Why it matters: As smartphones push past the $1,000 barrier, it's not surprising to see carriers offer financing options to lessen the monthly blow. As when financing anything, keep the actual cost of the product in mind to determine if you can truly afford it.

In the olden days of wireless, carriers would subsidize the cost of hardware through contracts. Things work differently these days as consumers are now responsible for paying for their devices entirely. The transition was relatively smooth as carriers started offering to finance devices through payment plans.

In the eyes of many consumers, not much changed… well, except one thing.

Flagship smartphones costing in excess of $1,000 are quickly becoming commonplace and not everyone is hip to the new normal. Sure, there are more affordable alternatives and many of them are excellent but if you want the latest and greatest phone, you’re paying more for it now than ever.

How do carriers combat this potential sticker shock?
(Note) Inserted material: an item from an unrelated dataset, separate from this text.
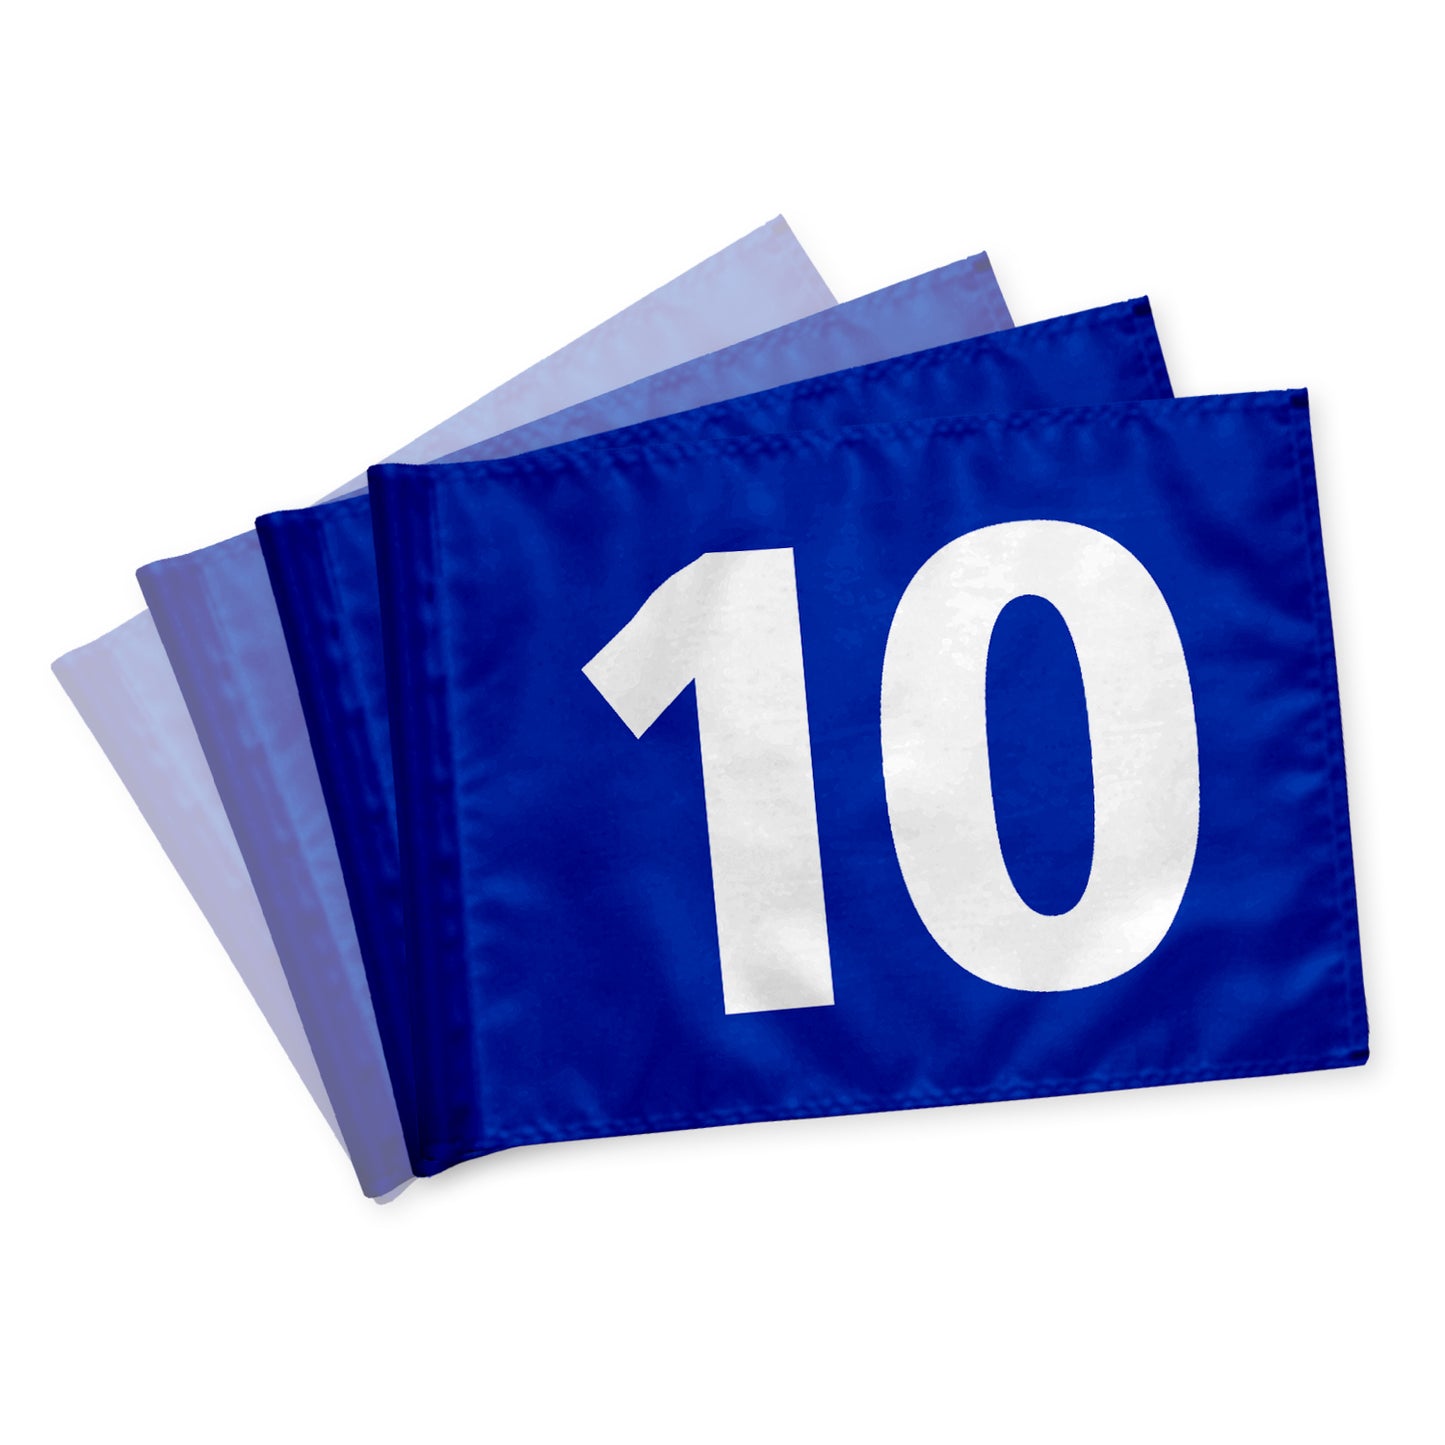 Golfflag 10-18, blå med hvide tal, nylon flagdug
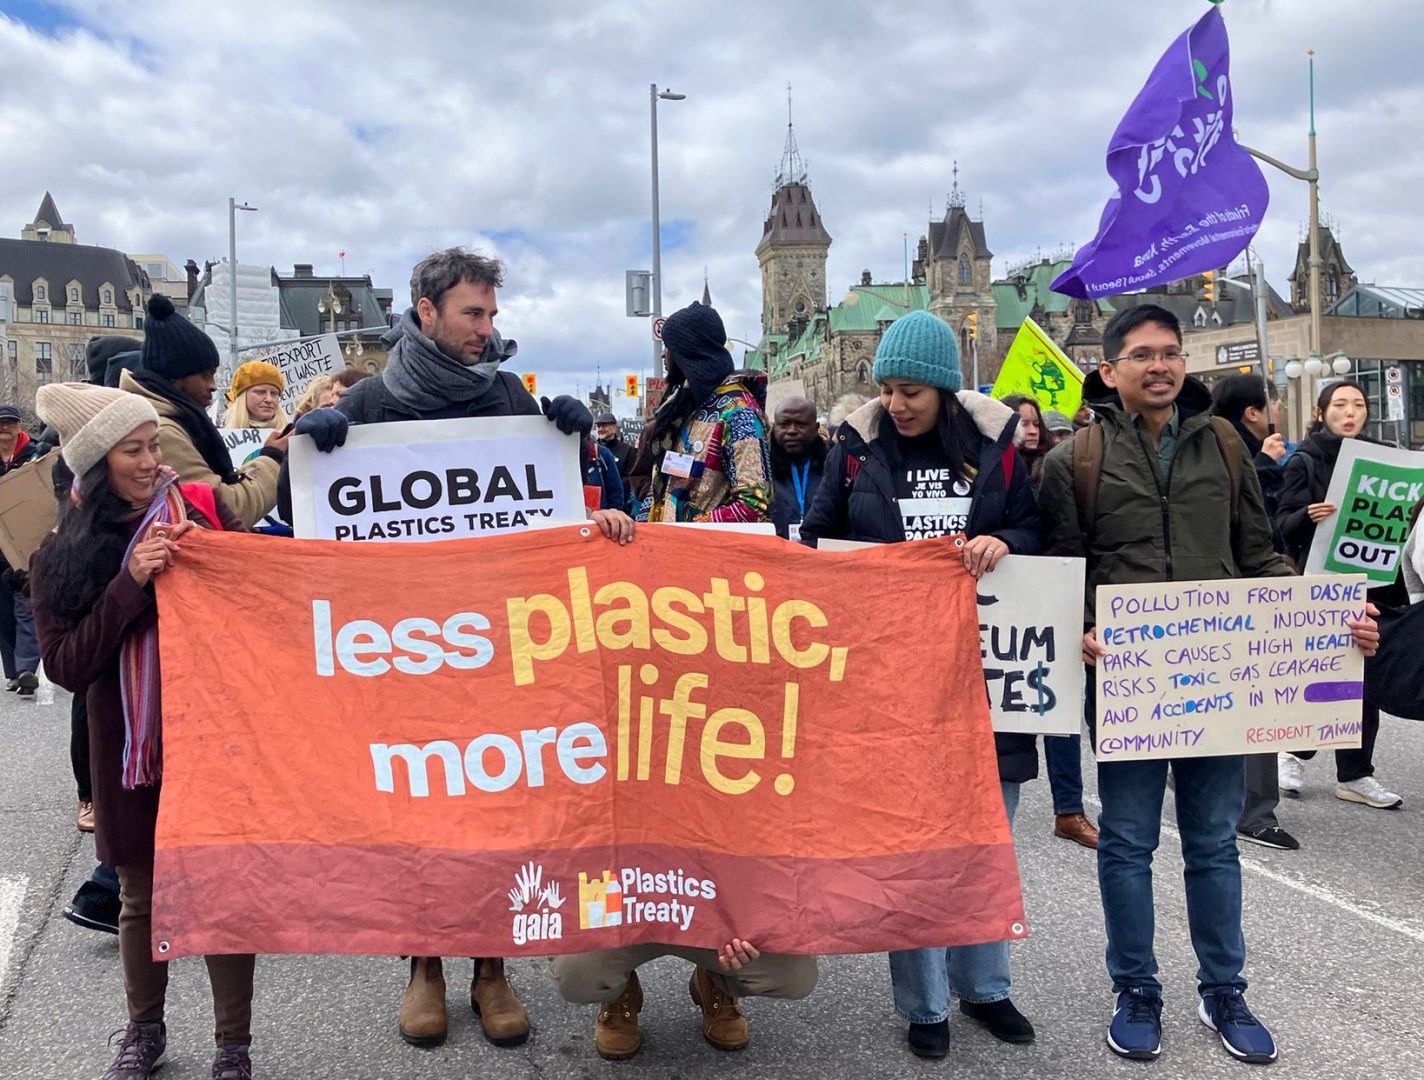 来自亚太地区的 GAIA 成员参加在加拿大渥太华举行的结束塑料时代游行

Simple – by stretching out the amount of time you have to pay a device off, thus lowering the monthly payment and making it seem more affordable.

T-Mobile is now offering a 36-month Equipment Installment Plan (EIP) on select devices to help lessen the monthly expense. For a device like the LG V40 ThinQ, which retails for $920, that works out to a payment of $25.56 per month for 36 months.

In today’s society, many people mistakenly don’t consider what something actually costs. If they can afford to make the monthly payment, they just assume they can afford the product. It’s a flawed way of thinking but one that is so commonly used that most people don’t know any better.

Plus, who wants to be making payments on a phone for three years? Could you imagine still making payments on an iPhone 6S?